Incentives to create more equity capital might be directed to family office, institutional, and PE investors but should include protections for ESOPs to prevent equity investors from flipping companies, wresting control, or selling off assets. Protections for any debt or equity incentives scenarios should also include limits on cost of capital, returns on investment, and might be structured similarly to enterprise or opportunity funds.
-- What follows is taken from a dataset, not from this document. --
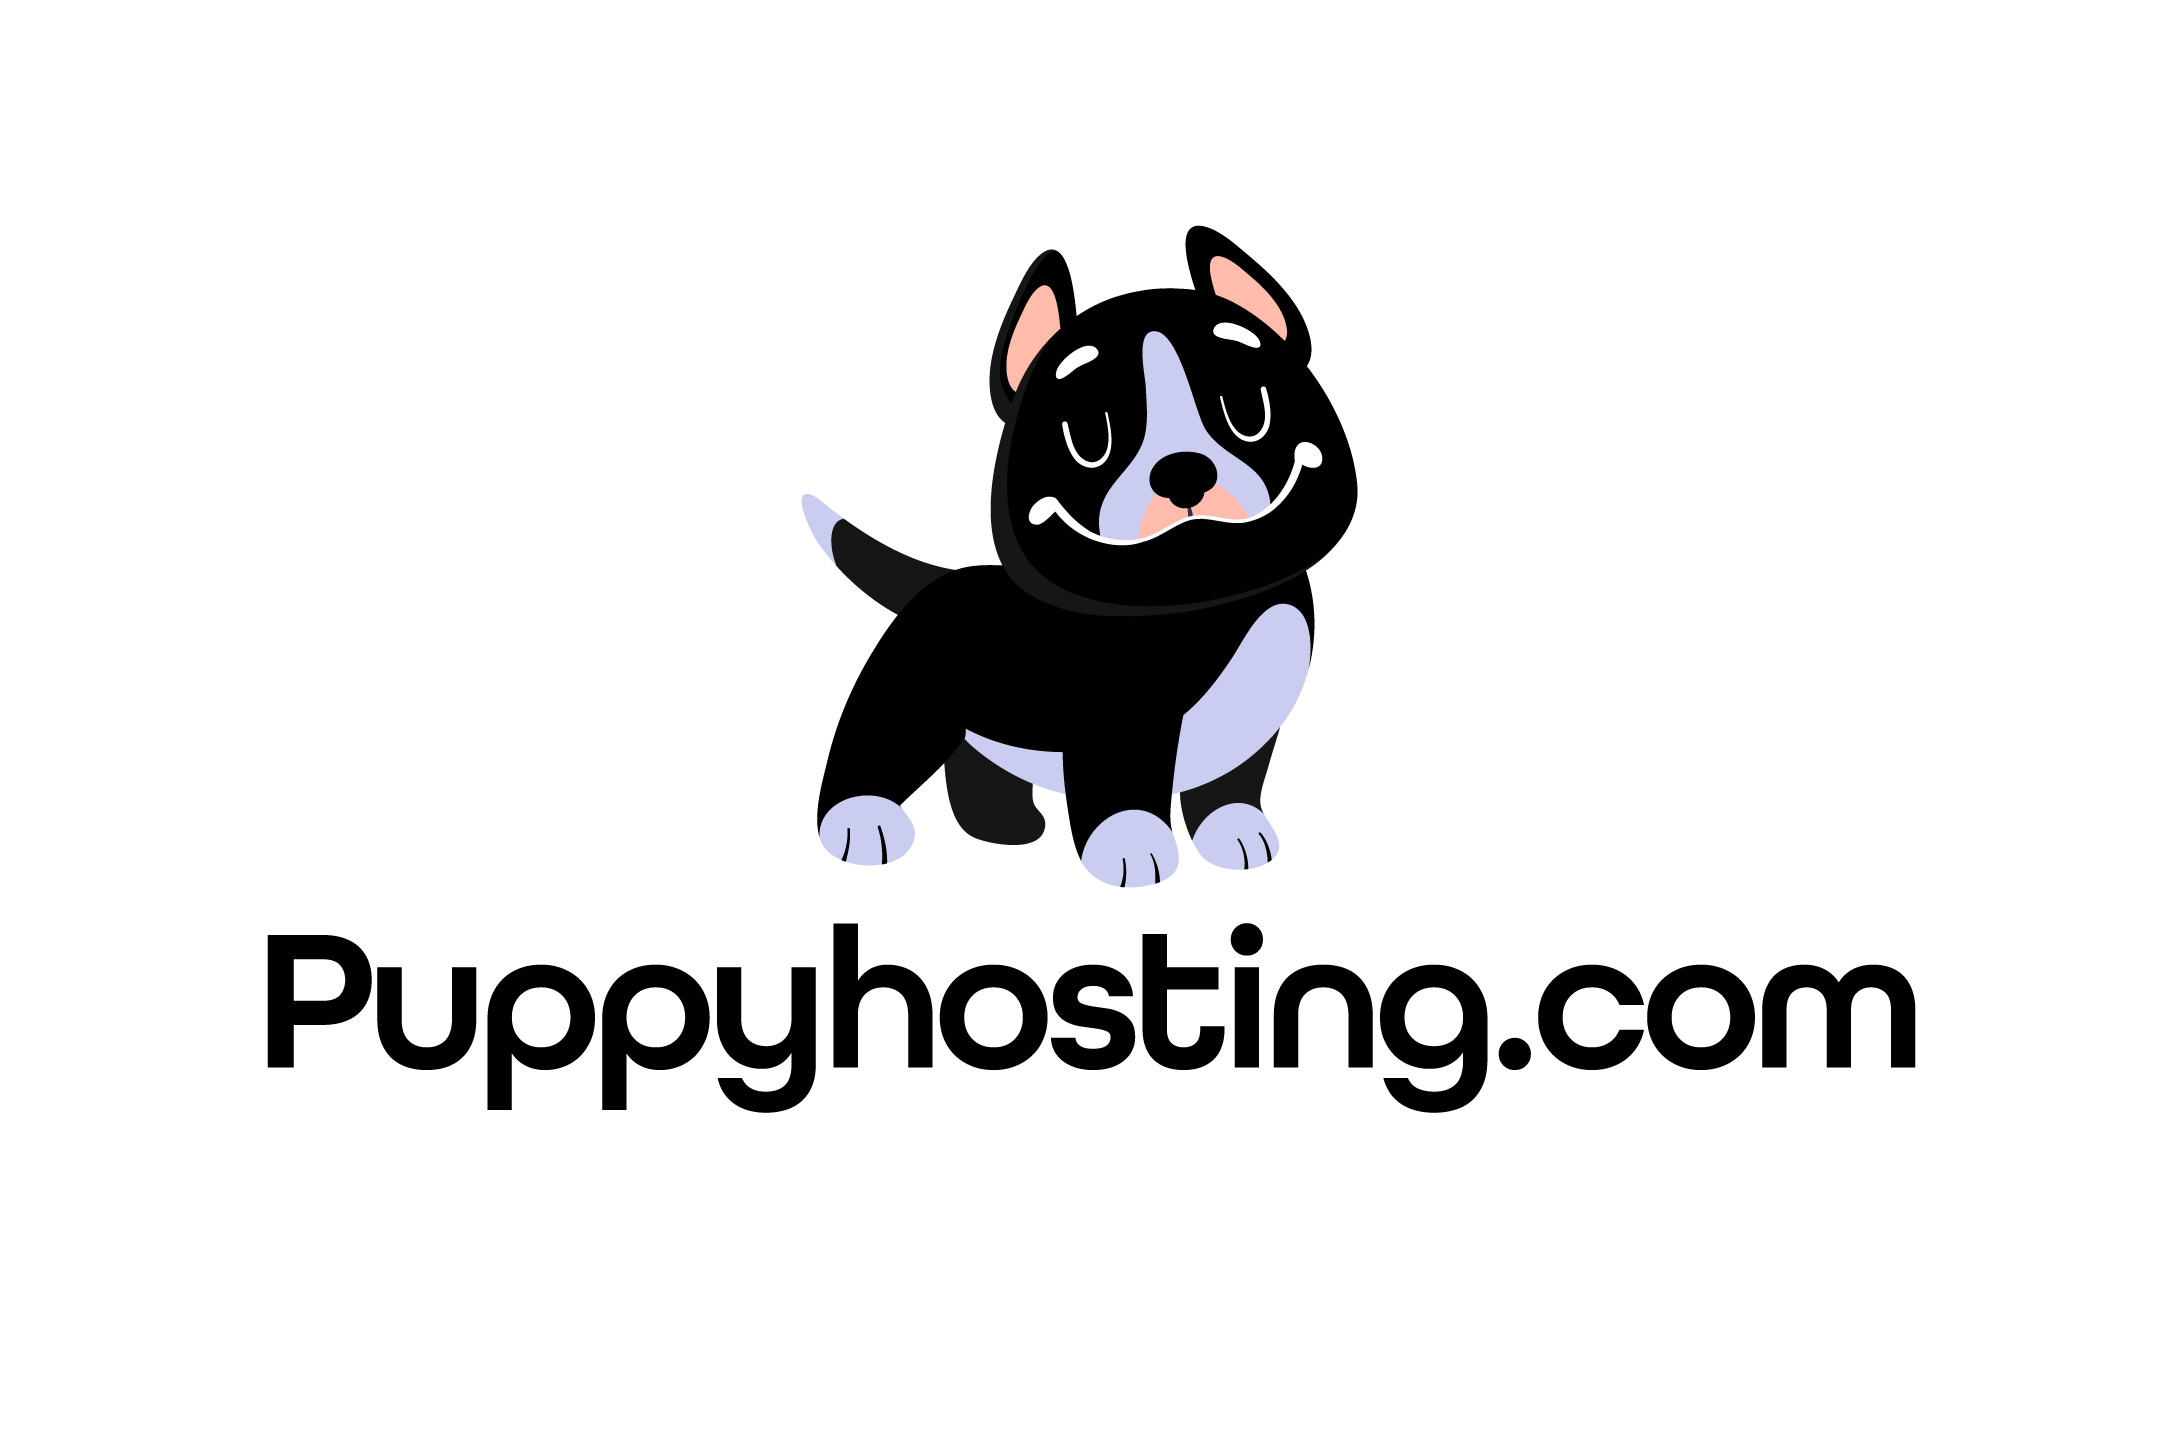 PuppyHosting.com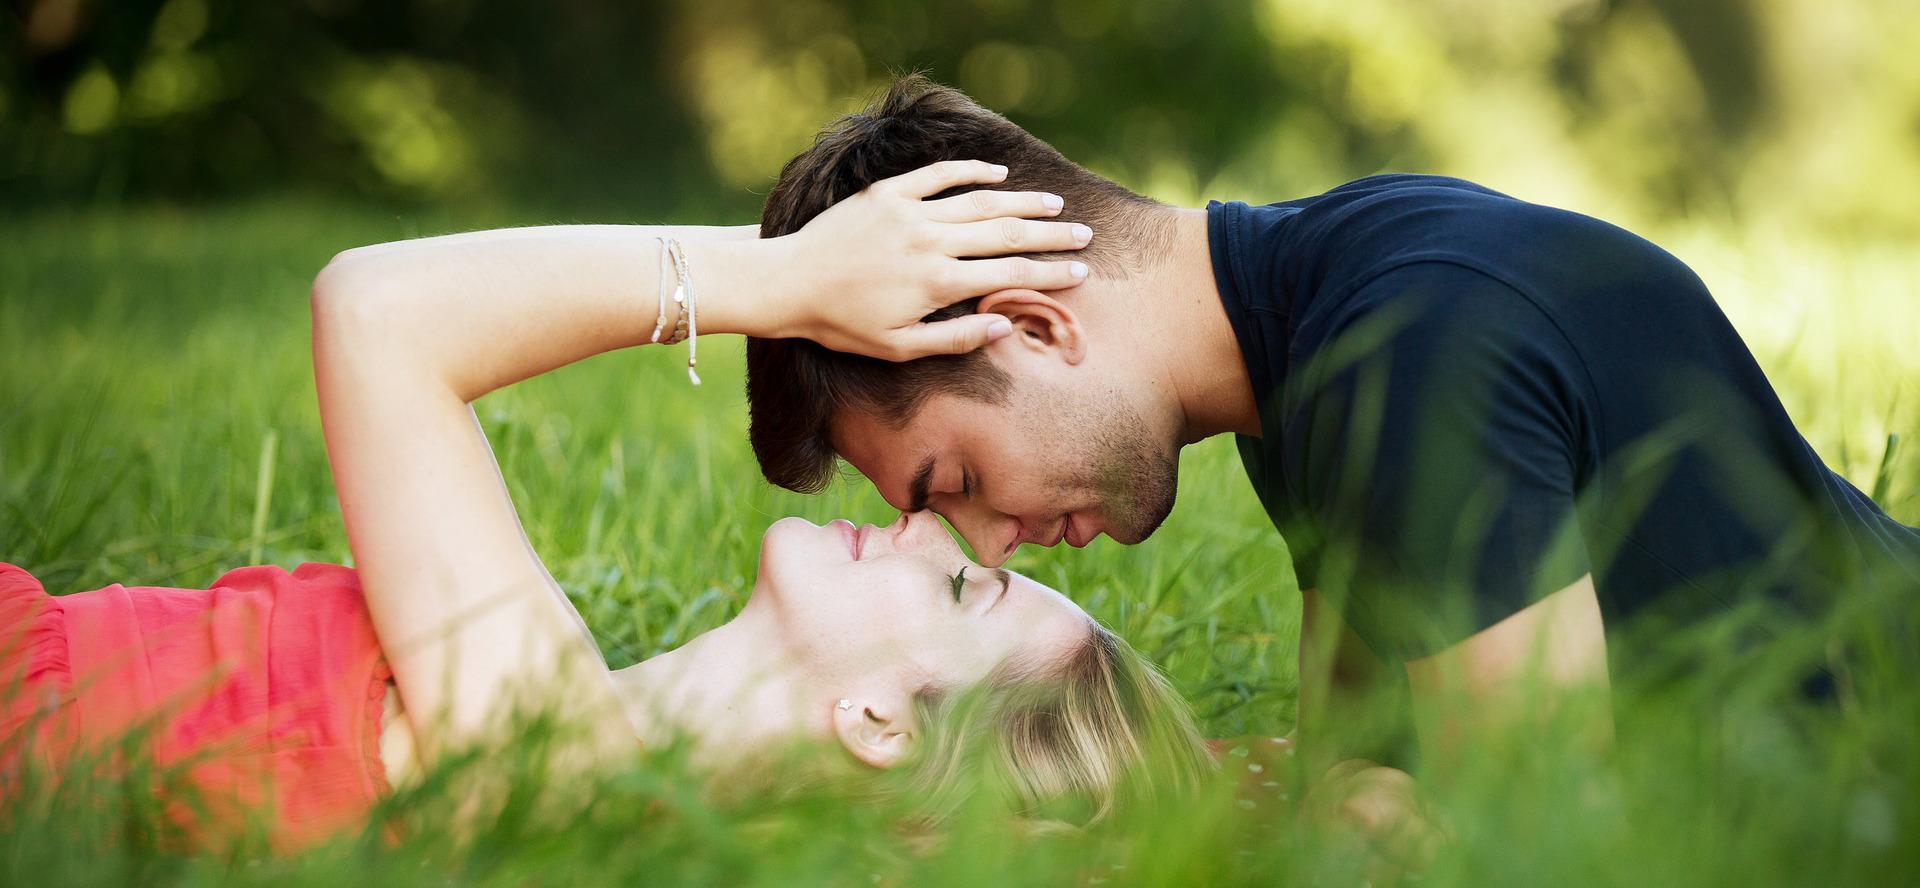 dating site e-mail advies Christelijke dating kus op de eerste datum

Selling stockholders are also important sources of capital because they can elect to receive debt instead of cash in return for a portion of the sale of their ownership. If a senior lender is already providing debt and has first call on the company’s assets, the selling stockholder typically will need added incentives to take on the risk associated with providing subordinated financing. This usually takes two forms: a higher interest rate or warrants that provide added returns based on the performance of the stock after it is sold to the ESOP. While these practices are common for mezzanine lenders in the broader marketplace, the Department of Labor has begun scrutinizing interest rates and warrants in their investigations, further impeding the motivation of sellers to
provide financing. 

Another motivation to incentivize sellers is “1042 Treatment” (under IRC Section 1042), which allows sellers to defer capital gains taxes by rolling over the proceeds from a sale of stock to the ESOP into certain domestic securities. While this has been helpful to close the gap between a 100% cash up-front sale to a third party,
until 2022 section 1042 only applied to the sale of stock of C-corporations, while many small to medium sized businesses are S-corporations. The SECURE 2.0 Act of 2022 allowed, for the first time, S-corporations access to section 1042 benefits, but not starting until 2028 and only at a limited (10%) level. Parity between S- and
C-corporations in this matter would be ideal.